§ To do: Your answer must consist of exactly the lines below, starting with the line with "Woman with child" and going on through the line with "The BB&T volunteers", and nothing else.

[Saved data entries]
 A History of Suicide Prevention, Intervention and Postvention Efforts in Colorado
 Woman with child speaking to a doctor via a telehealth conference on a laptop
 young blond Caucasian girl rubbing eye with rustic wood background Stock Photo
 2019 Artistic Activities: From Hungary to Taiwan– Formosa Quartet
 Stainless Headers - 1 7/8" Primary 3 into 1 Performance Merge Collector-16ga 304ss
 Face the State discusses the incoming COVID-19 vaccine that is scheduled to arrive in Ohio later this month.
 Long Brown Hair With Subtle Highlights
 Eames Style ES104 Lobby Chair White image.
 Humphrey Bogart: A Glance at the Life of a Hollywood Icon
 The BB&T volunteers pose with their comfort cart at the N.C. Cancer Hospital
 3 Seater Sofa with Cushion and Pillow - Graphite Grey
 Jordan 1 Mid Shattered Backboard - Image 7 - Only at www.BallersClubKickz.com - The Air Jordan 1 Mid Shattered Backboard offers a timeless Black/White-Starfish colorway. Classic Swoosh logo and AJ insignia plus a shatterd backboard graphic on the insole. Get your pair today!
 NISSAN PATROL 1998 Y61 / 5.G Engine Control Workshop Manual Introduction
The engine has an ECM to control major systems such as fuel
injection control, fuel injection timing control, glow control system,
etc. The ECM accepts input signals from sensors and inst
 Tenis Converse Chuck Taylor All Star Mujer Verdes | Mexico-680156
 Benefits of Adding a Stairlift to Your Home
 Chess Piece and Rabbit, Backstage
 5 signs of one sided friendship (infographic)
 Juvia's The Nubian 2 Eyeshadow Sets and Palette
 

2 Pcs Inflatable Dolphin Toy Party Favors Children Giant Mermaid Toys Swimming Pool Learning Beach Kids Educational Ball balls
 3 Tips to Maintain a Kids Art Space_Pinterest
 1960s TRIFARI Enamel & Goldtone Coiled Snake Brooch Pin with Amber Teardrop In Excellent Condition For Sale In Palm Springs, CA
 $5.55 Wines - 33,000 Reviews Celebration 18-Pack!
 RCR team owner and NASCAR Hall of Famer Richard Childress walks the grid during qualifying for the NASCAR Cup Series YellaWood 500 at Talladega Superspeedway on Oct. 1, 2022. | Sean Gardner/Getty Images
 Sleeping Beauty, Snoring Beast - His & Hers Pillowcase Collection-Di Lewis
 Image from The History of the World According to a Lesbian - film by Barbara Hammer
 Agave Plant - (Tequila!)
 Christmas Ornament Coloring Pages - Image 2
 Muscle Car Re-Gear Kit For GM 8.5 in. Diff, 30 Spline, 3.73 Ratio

§ Task output:
 Woman with child speaking to a doctor via a telehealth conference on a laptop
 young blond Caucasian girl rubbing eye with rustic wood background Stock Photo
 2019 Artistic Activities: From Hungary to Taiwan– Formosa Quartet
 Stainless Headers - 1 7/8" Primary 3 into 1 Performance Merge Collector-16ga 304ss
 Face the State discusses the incoming COVID-19 vaccine that is scheduled to arrive in Ohio later this month.
 Long Brown Hair With Subtle Highlights
 Eames Style ES104 Lobby Chair White image.
 Humphrey Bogart: A Glance at the Life of a Hollywood Icon
 The BB&T volunteers pose with their comfort cart at the N.C. Cancer Hospital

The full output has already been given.